QGIS 2 Cookbook
上QQ阅读APP看书,第一时间看更新

Joining layer data

We often get data in different formats and information spread over multiple files. Therefore, one important skill to know is how to join attribute data from different layers. Joining data is a way to combine data from multiple tables based on common values, such as IDs or categories.

This exercise shows you how to use the join functionality in Layer Properties to join geographic census tract data to tabular population data and how to save the results to a new file.

Getting ready

To follow this exercise, load the census tracts in census_wake2000.shp using Add Vector Layer (you can also drag and drop the shapefile from the file browser to QGIS) and population data in census_wake2000_pop.csv using Add Delimited Text Layer.

Tip

You can also load the .csv text file using Add Vector Layer, but this will load all data as text columns because the .csv file does not come with a .csvt file to specify data types. Instead, the Add Delimited Text Layer tool will scan the data and determine the most suitable data type for each column.

How to do it…

To join two layers, there has to be a column with values/IDs that both layers have in common. If we check the attribute tables of the two layers that we just loaded, we will see that both have the STFID field in common. So, to join the population data to the census tracts, use the following steps:

  1. Open the Layer Properties option of the census_wake2000 layer (for example, by double-clicking on the layer name in the Layers list) and go to Joins.
  2. To set up a new join action, press the green + button in the lower-left corner of the dialog.
  3. The following screenshot shows the Add vector join dialog, which allows you to configure the join by selecting Join layer, which you want to use to join the census tracts and the columns containing the common values/IDs (Join field and Target field):
    How to do it…

    Tip

    If you want to change a join, you just need to select the join definition from the list and then press the edit button with the pencil icon, which you find below the list. This will reopen the join definition dialog, and you can make your changes.

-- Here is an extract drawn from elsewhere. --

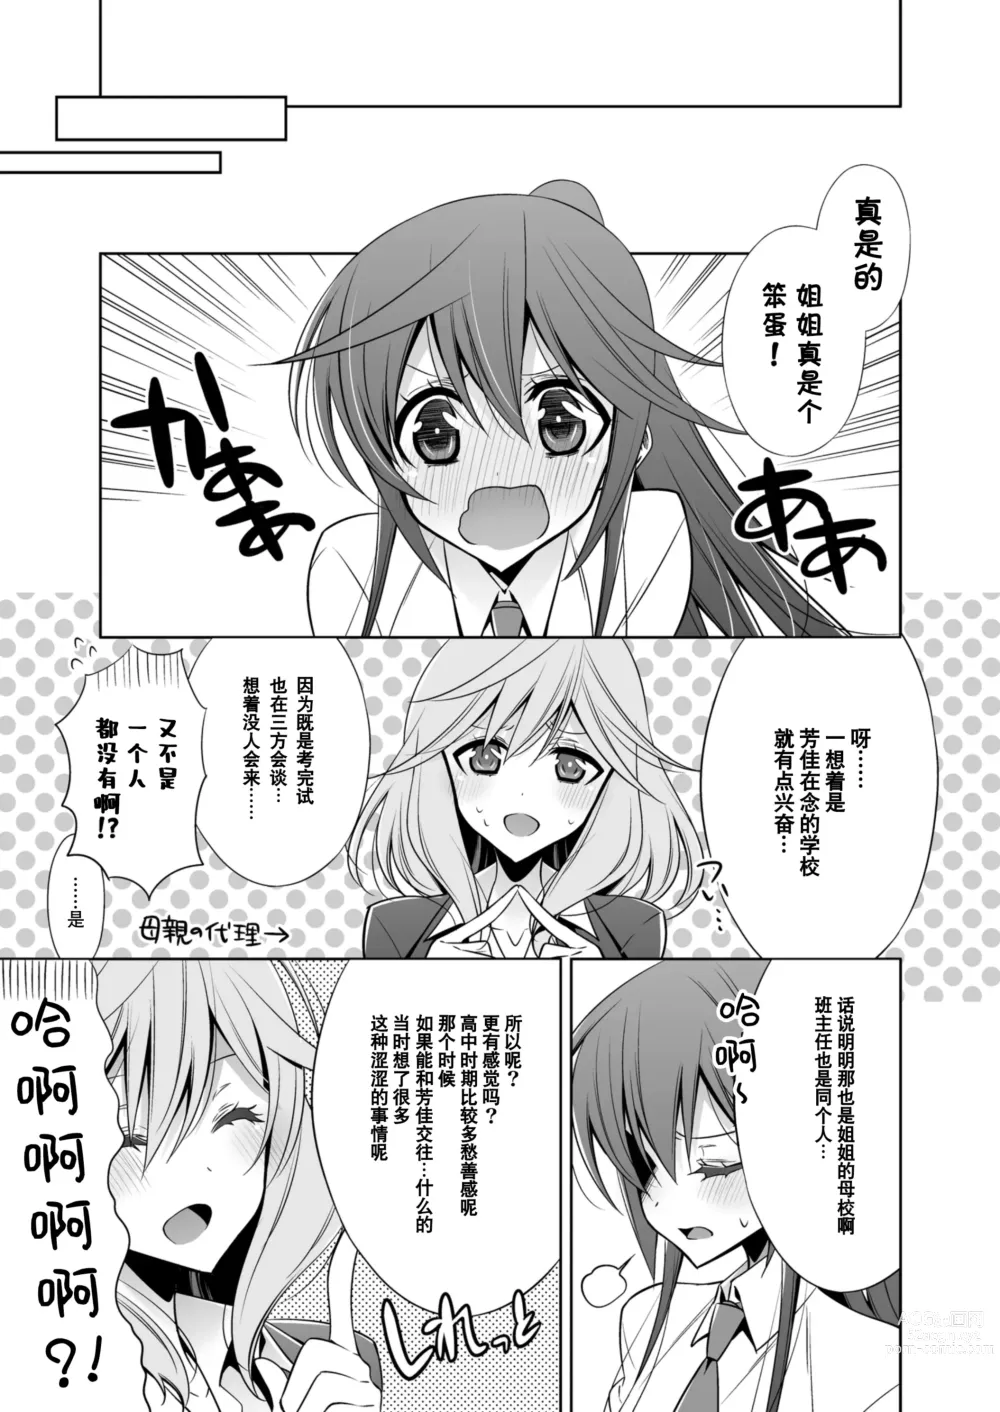 Page 6 of doujinshi 世界上最可爱的人

  4. When you press OK, the join definition will be added to the list of joins, as shown in the following screenshot.
  5. To verify that you set up the join correctly, close Layer Properties and open attribute table to see whether the population columns have been added and are filled with data.

How it works…

Joins can be used to join vector layers and tabular layers from many different file and database sources, including (but not limited to) Shapefiles, PostGIS, CSV, Excel sheets, and more.

When two layers are joined, the attributes of Join layer are appended to the original layer's attribute table. If you want, you can use the Choose which fields are joined option to select which of the fields from the population layer should be joined to the census tracts. Otherwise, by default, all fields will be added. The number of features in the original layer is not changed. Whenever there is a match between the values in the join and the target field, the new attribute values will be filled; otherwise, there will be NULL values in the new columns.

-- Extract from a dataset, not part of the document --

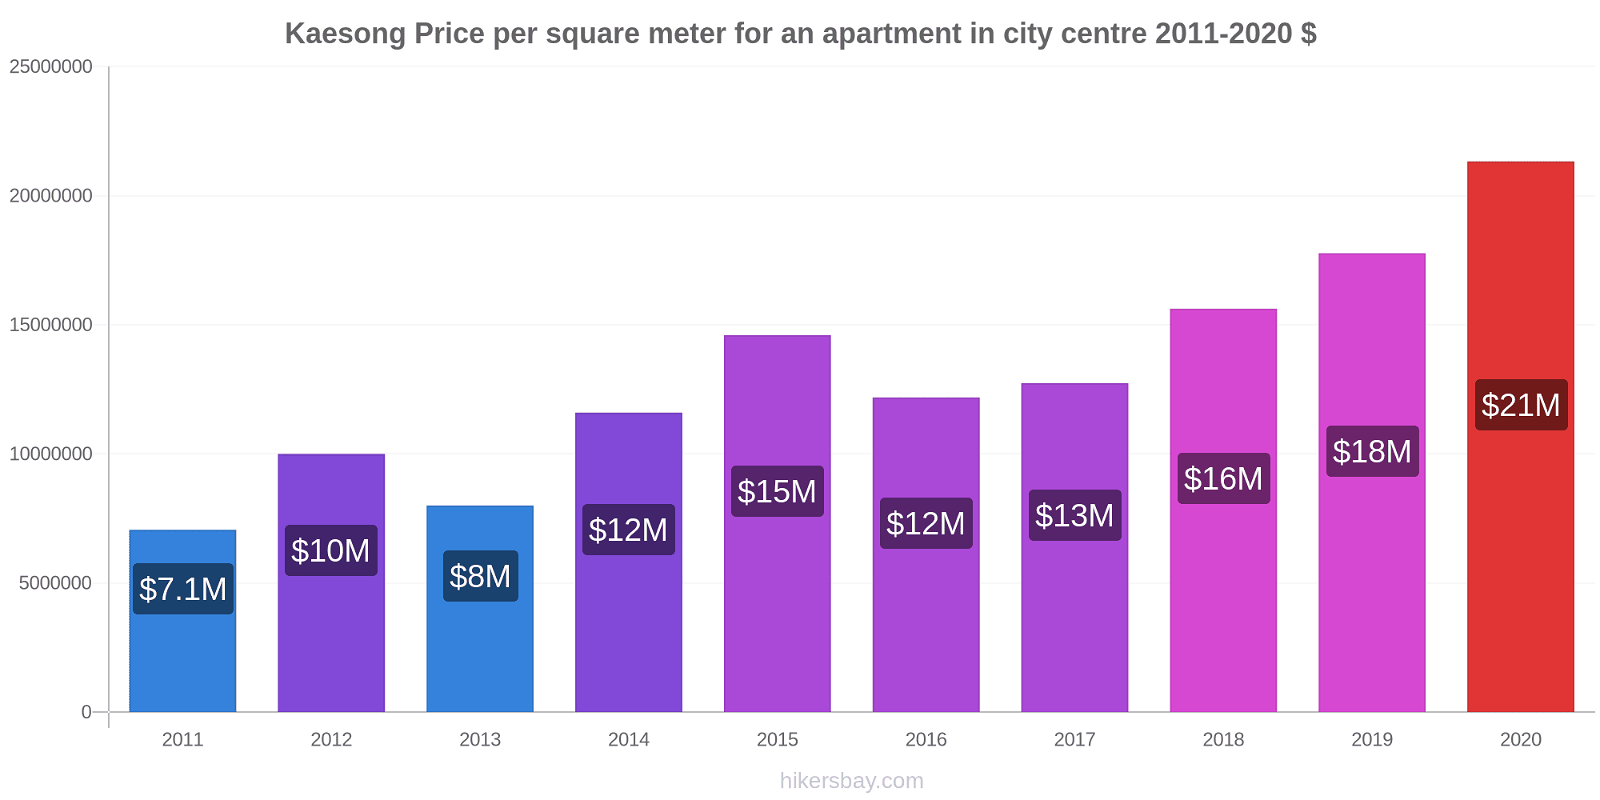 Kaesong price changes Price per square meter for an apartment in city centre hikersbay.com

By default, the names of the new columns are constructed from join layer name with underscore followed by join layer column name. For example, the STATE column of census_wake2000_pop becomes census_wake2000_pop_STATE. You can change this default behavior by enabling the Custom field name prefix option, as shown in the previous screenshot. With these settings, the STATE column becomes pop_STATE, which is considerably shorter and, thus, easier to handle.

There's more…

The join that you've created now only exists in memory. None of the original files have been altered. However, it's possible to create a new file from the joined layers. To do this, just use Save as … from the Layer menu or Context menu. You can choose between a variety of data formats, including the ESRI shapefile, Mapinfo MIF, or GML.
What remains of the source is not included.